- [YOUR ASSIGNMENT]: Print word for word the first line of the records below and every following line through the one containing "Classic and popular"; print nothing else.

====== RECORDS FOR THE EXERCISE

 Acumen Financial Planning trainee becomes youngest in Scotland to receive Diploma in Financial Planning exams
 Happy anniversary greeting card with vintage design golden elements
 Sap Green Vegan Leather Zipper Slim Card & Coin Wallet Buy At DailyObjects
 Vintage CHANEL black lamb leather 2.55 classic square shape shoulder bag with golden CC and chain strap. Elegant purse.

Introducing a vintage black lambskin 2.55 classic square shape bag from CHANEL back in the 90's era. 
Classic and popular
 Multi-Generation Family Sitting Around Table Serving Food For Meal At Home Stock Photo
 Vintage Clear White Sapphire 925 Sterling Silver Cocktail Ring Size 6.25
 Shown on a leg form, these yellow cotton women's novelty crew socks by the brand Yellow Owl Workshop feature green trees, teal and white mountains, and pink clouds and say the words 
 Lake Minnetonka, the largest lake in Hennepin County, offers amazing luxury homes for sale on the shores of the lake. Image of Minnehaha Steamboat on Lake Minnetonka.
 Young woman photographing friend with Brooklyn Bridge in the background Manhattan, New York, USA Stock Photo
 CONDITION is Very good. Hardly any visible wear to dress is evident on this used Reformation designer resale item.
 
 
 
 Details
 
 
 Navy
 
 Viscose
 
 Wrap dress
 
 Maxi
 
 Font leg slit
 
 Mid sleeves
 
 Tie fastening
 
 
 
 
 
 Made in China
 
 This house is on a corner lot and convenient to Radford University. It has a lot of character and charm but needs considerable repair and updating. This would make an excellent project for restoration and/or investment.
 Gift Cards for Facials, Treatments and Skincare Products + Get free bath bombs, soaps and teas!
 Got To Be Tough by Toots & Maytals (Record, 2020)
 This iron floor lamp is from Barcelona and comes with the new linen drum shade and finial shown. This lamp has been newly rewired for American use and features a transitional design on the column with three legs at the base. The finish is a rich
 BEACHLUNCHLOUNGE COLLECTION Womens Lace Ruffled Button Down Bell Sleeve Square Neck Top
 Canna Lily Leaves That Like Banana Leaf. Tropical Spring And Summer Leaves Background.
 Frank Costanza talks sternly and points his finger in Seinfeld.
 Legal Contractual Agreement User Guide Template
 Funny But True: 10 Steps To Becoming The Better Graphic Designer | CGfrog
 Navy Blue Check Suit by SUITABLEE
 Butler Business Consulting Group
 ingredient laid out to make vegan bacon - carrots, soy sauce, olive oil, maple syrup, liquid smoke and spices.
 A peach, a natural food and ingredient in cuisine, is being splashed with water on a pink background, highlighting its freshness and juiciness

============

- [ANSWER BOX]:
 Acumen Financial Planning trainee becomes youngest in Scotland to receive Diploma in Financial Planning exams
 Happy anniversary greeting card with vintage design golden elements
 Sap Green Vegan Leather Zipper Slim Card & Coin Wallet Buy At DailyObjects
 Vintage CHANEL black lamb leather 2.55 classic square shape shoulder bag with golden CC and chain strap. Elegant purse.

Introducing a vintage black lambskin 2.55 classic square shape bag from CHANEL back in the 90's era. 
Classic and popular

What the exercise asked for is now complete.